6. Der Zulassungsgrund der Erforderlichkeit einer Entscheidung des BFH zur Fortbildung des Rechts verlangt, dass über bisher ungeklärte Rechtsfragen zu entscheiden ist. Davon ist auszugehen, wenn der Streitfall Veranlassung gibt, Grundsätze zur Auslegung des Gesetzes aufzustellen oder Gesetzeslücken rechtsschöpferisch auszufüllen (Lange in Hübschmann/Hepp/Spitaler, § 115 FGO Rz 147). Die Rechtsfortbildung muss über den entschiedenen Einzelfall hinaus im allgemeinen Interesse liegen und die Frage nach dem Ob und Wie der Rechtsfortbildung muss klärungsbedürftig sein (BFH-Beschluss vom 12. Dezember 2001 III B 103/01, BFH/NV 2002, 652). Daran fehlt es u.a., wenn die Rechtsfrage eindeutig in einem bestimmten Sinn zu beantworten ist (Gräber/Ruban, a.a.O., § 115 Rz 28, m.w.N.). Bezüglich der Anforderungen an die schlüssige Darlegung dieses Zulassungsgrundes gelten die von der höchstrichterlichen Rechtsprechung zur Zulassung der Revision wegen grundsätzlicher Bedeutung (§ 115 Abs. 2 Nr. 1 FGO) entwickelten Grundsätze sinngemäß (Gräber/Ruban, a.a.O., § 116 Rz 38).

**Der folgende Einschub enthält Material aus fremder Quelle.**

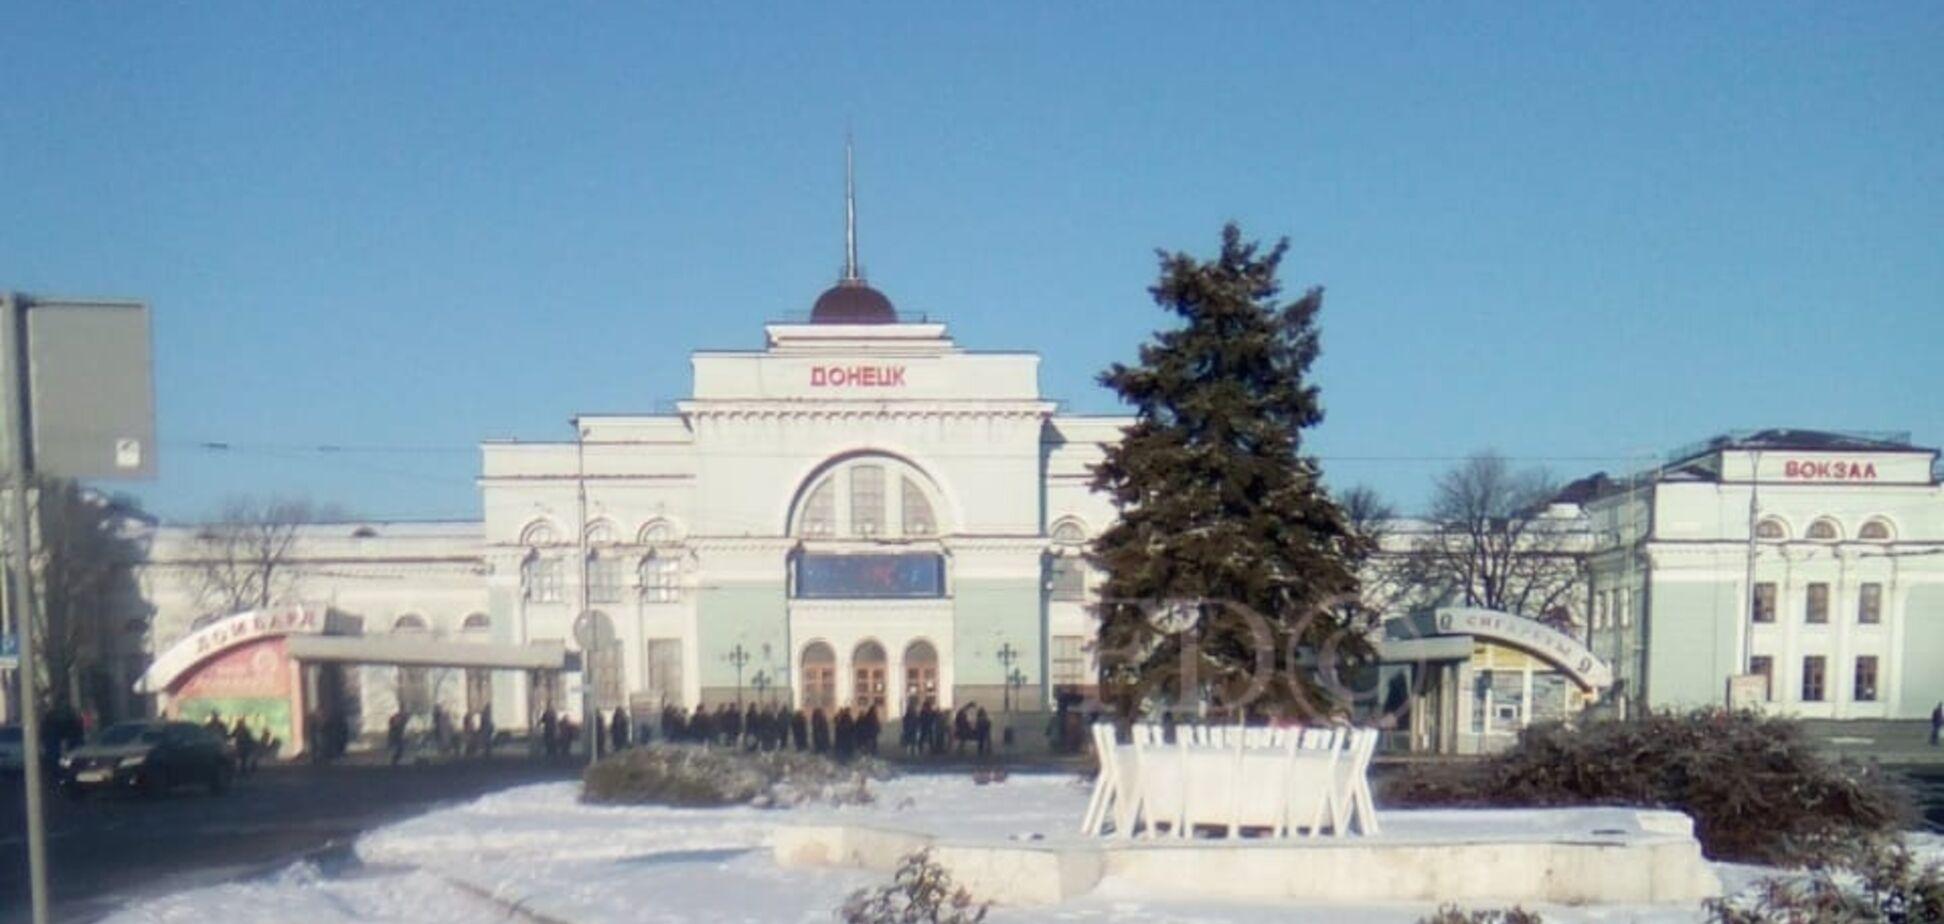 Будни хунто-папарацци в Донецке
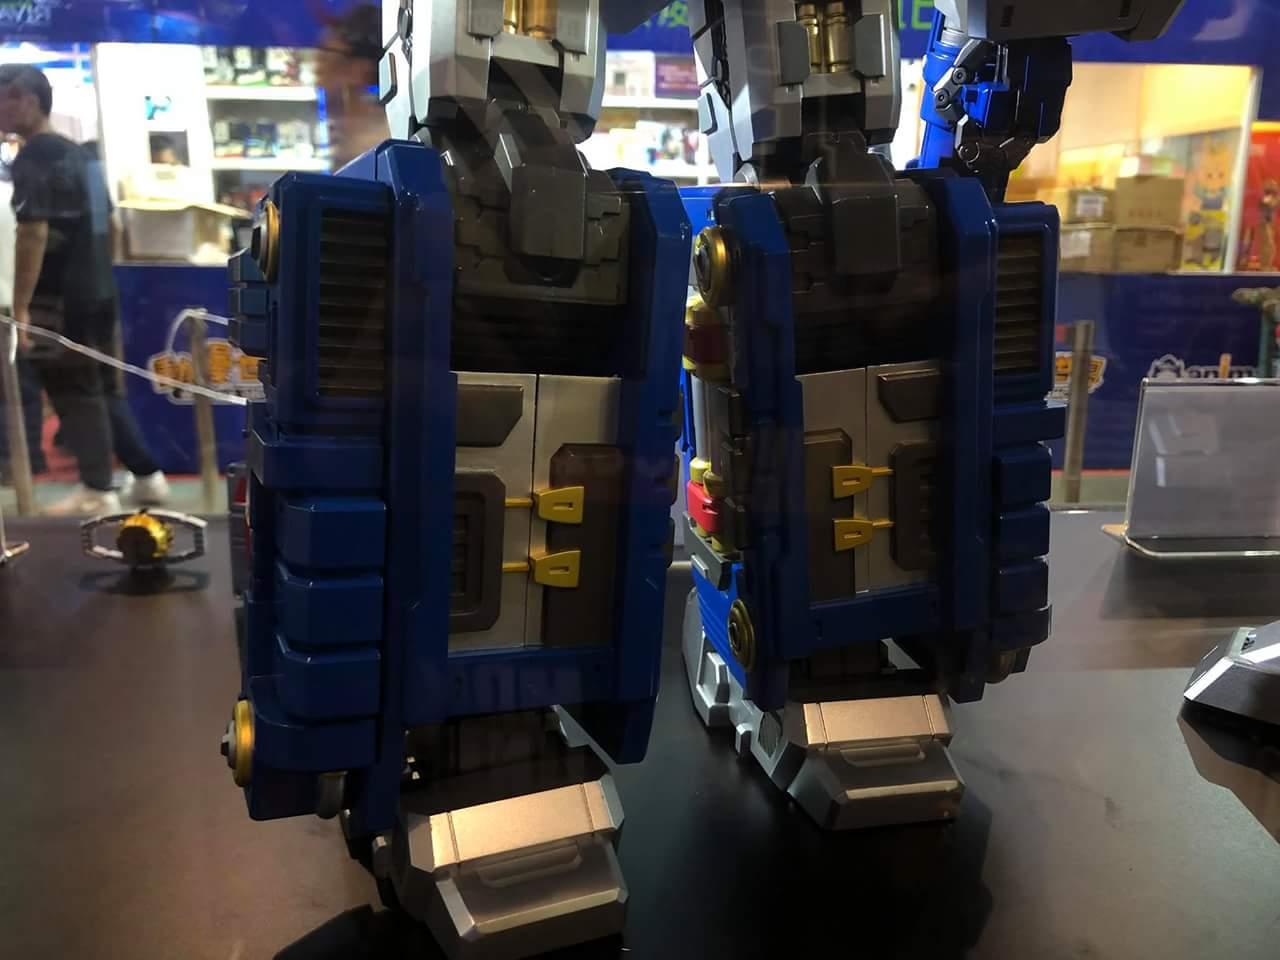 Figurines Transformers G1 (articulé, non transformable) ― Par 3A, Action Toys, Fewture, Toys Alliance, Sentinel, Kotobukiya, Kids Logic, Herocross, EX Gokin, etc - Page 6 BHXuSJle_o

Die von den Klägern aufgeworfene Rechtsfrage, "ob das Gericht in seinem Urteil Äußerungen als festgestellt zugrunde legen darf, die aus dem gerichtlichen Protokoll der Vernehmung nicht hervorgehen", ist durch die Rechtsprechung bereits geklärt. Danach müssen die für die Beweiswürdigung maßgeblichen Tatsachen nicht ausnahmslos in der Niederschrift über die mündliche Verhandlung enthalten sein. Tatsächliche Feststellungen können sich auch im Tatbestand des FG-Urteils, in den Entscheidungsgründen und in Schriftstücken finden, auf die das FG-Urteil ausdrücklich Bezug nimmt (vgl. z.B. BFH-Urteile in BFHE 136, 252, BStBl II 1982, 700, und in BFHE 206, 58). Anderes gilt nur, wenn das erkennende Gericht die Beweisaufnahme nicht selbst durchgeführt hat, sondern diese von einem beauftragten oder ersuchten Richter durchgeführt wurde, bzw. ein am Urteil mitwirkender Richter nicht an der Beweisaufnahme teilgenommen hat.